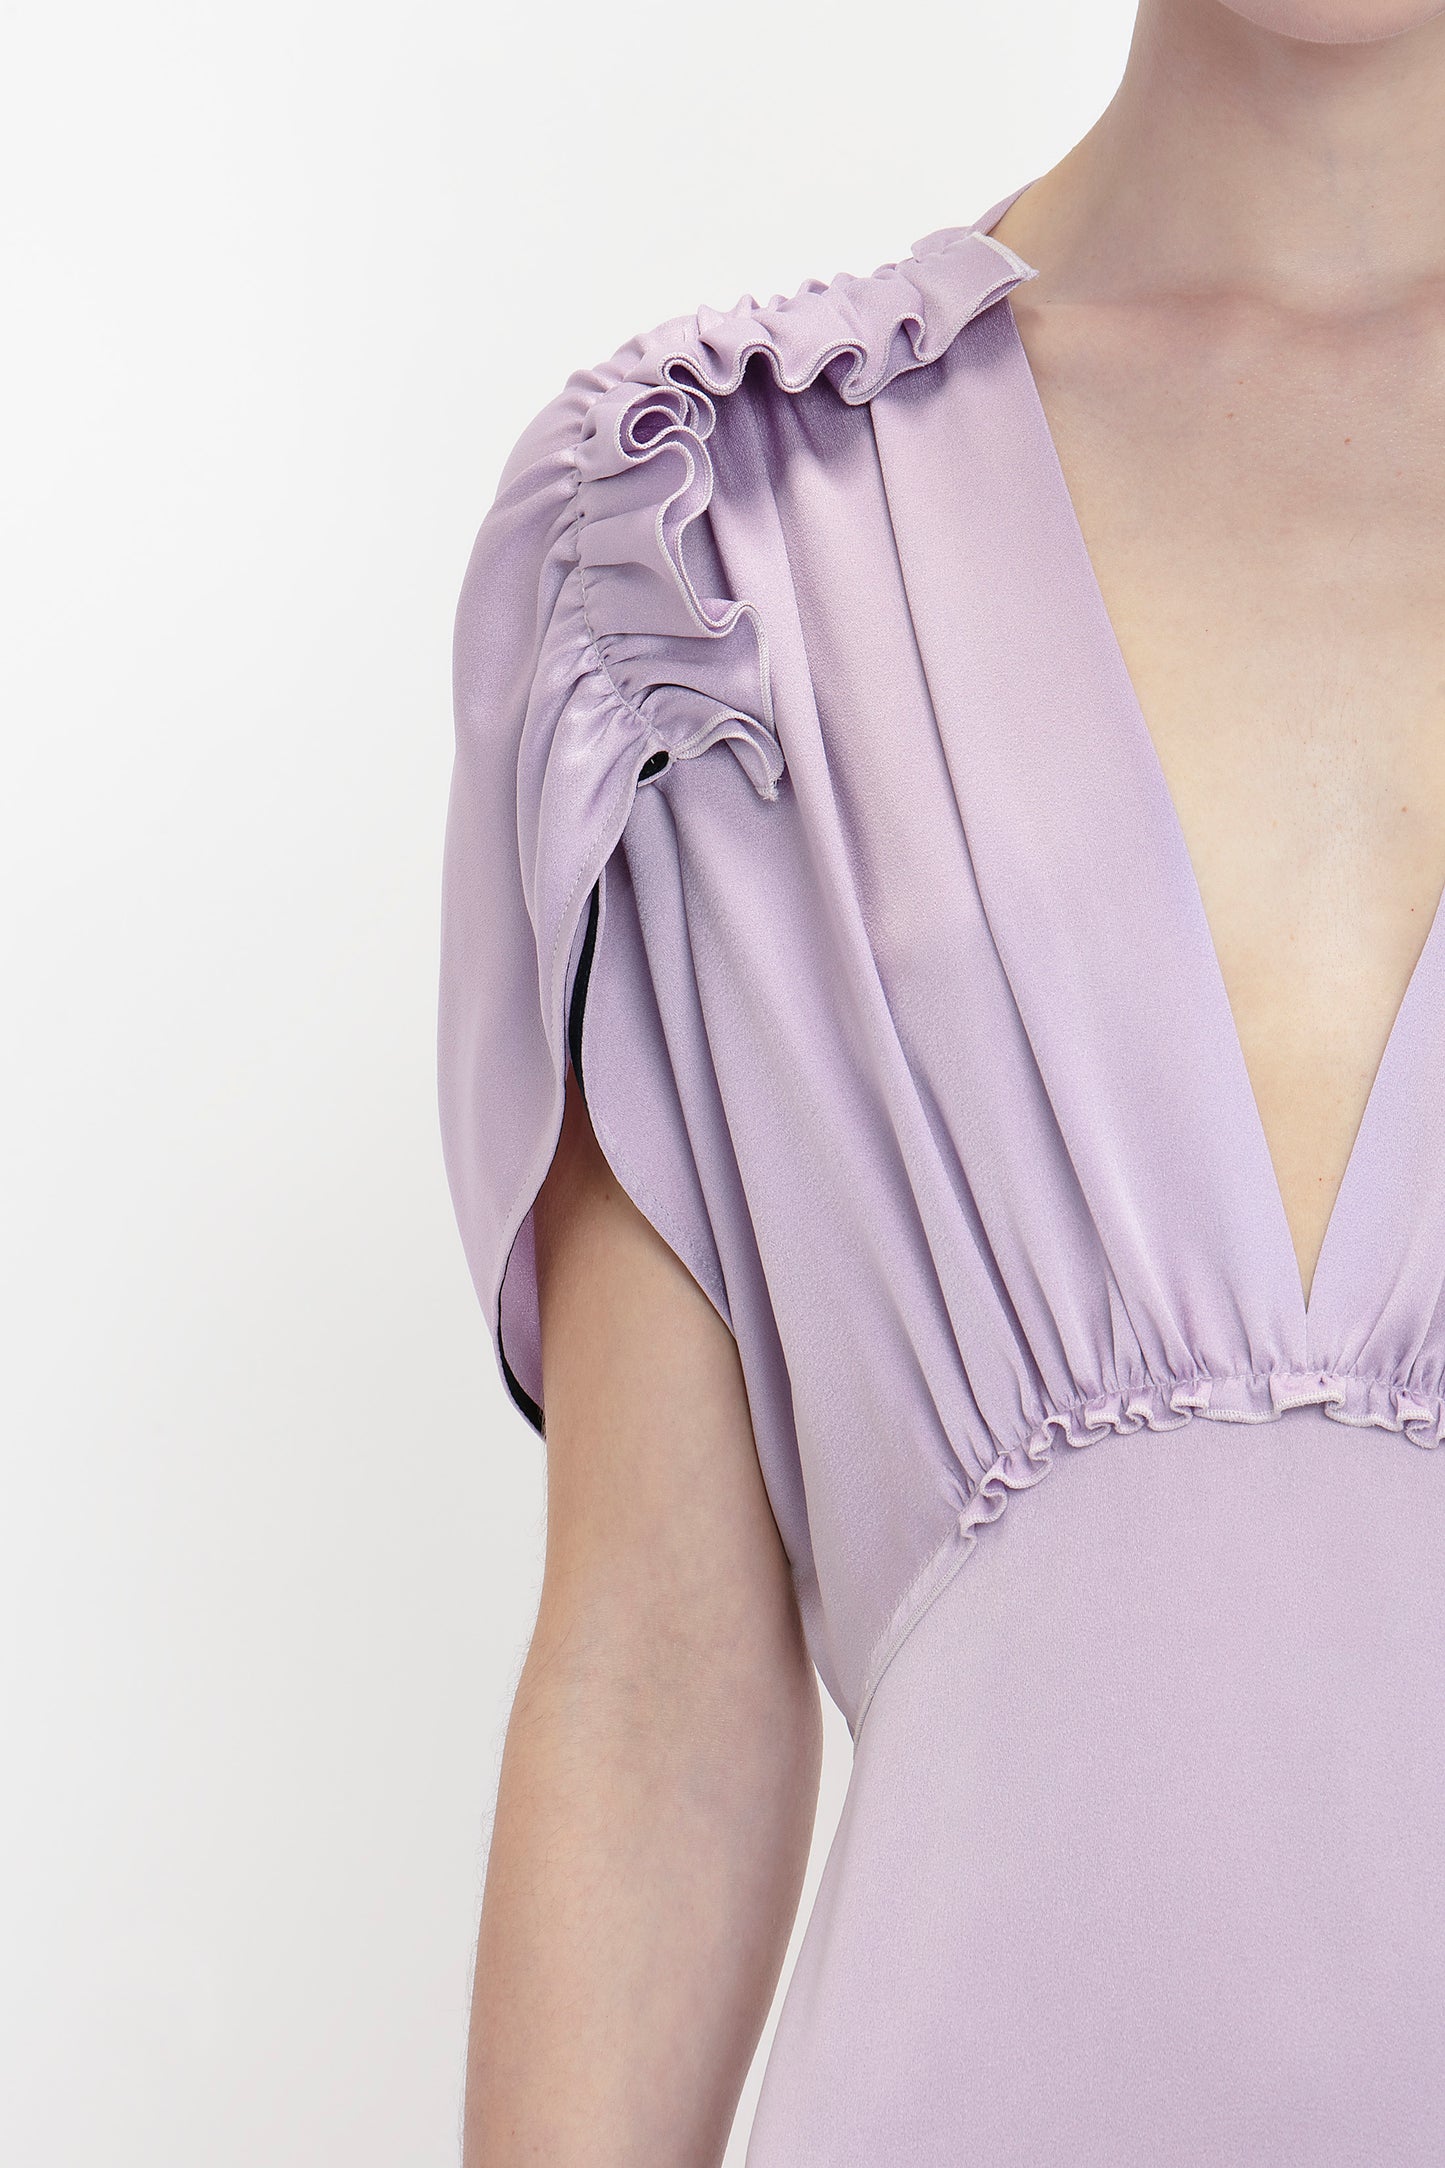 Close-up of a person wearing an elegant Victoria Beckham V-Neck Ruffle Midi Dress In Petunia with ruffled shoulder details reminiscent of Victoria Beckham's sophisticated style. The background is plain white.
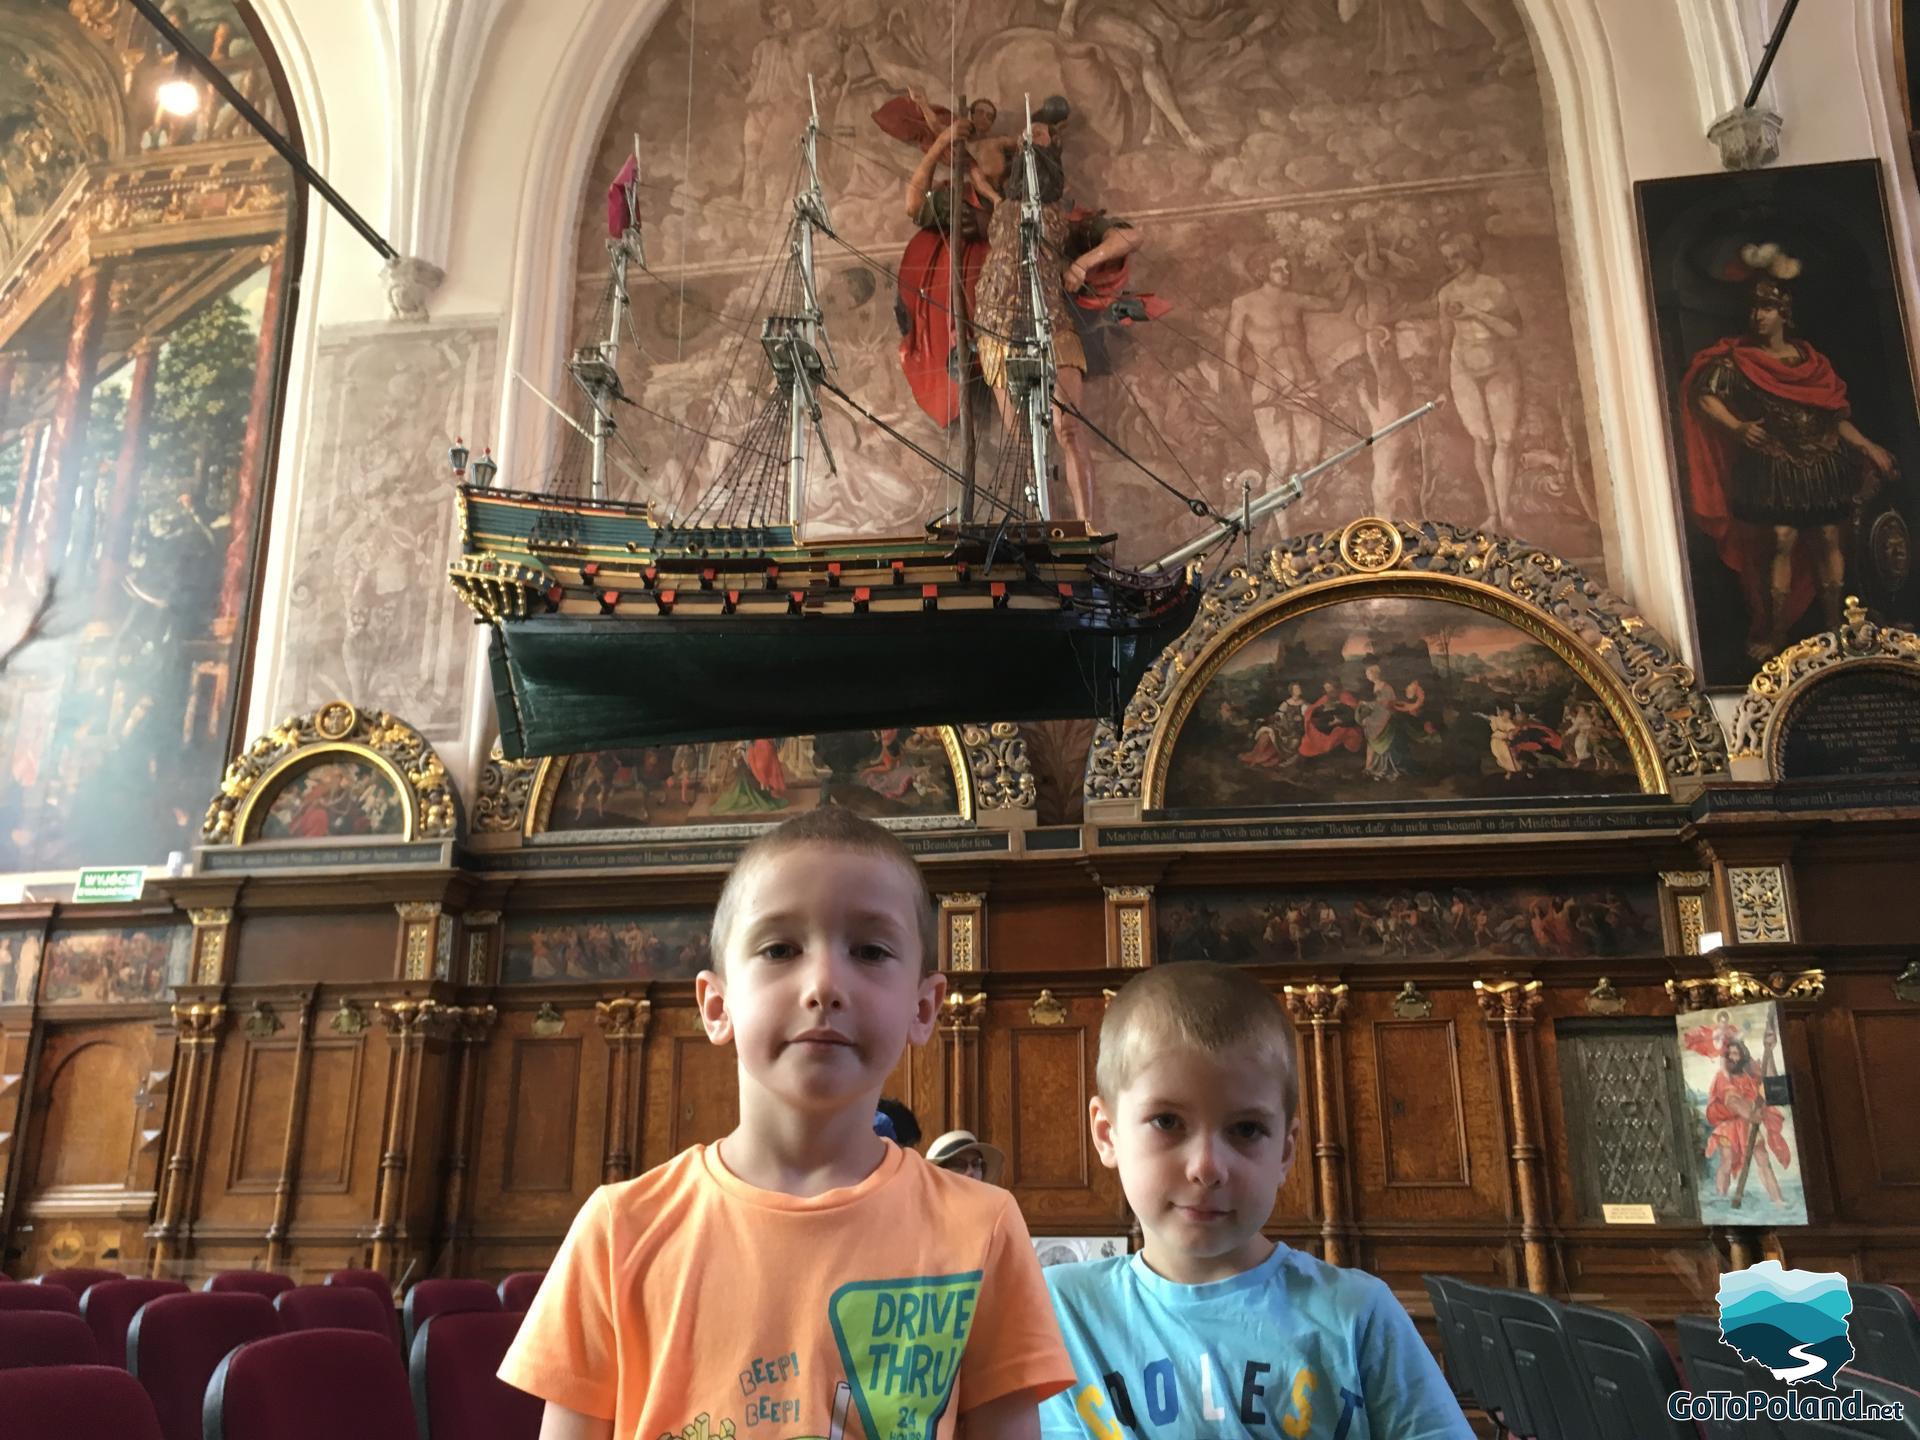 a two boys are in a hall, a model of a green ship hangs from the ceiling, walls are painted 
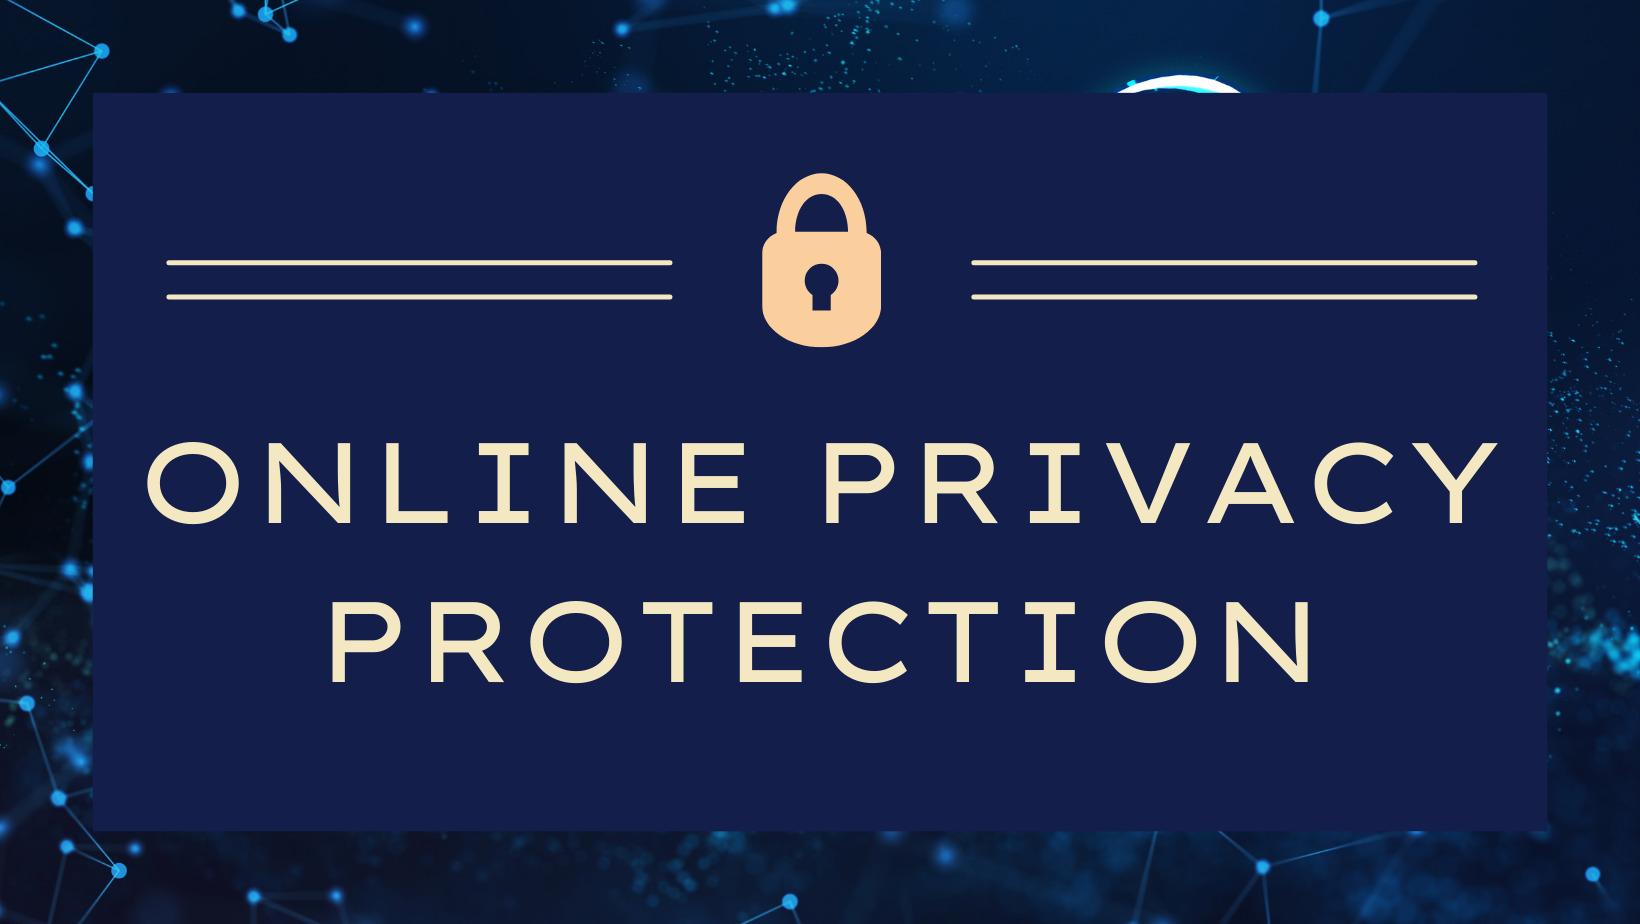 Online privacy protection

* _Activity_
From the line containing "a two boys are" down to the last line of the data, print every line exactly and nothing else. Pictures stay out of the copy.

* _Answer box_
 a two boys are in a hall, a model of a green ship hangs from the ceiling, walls are painted 
 Online privacy protection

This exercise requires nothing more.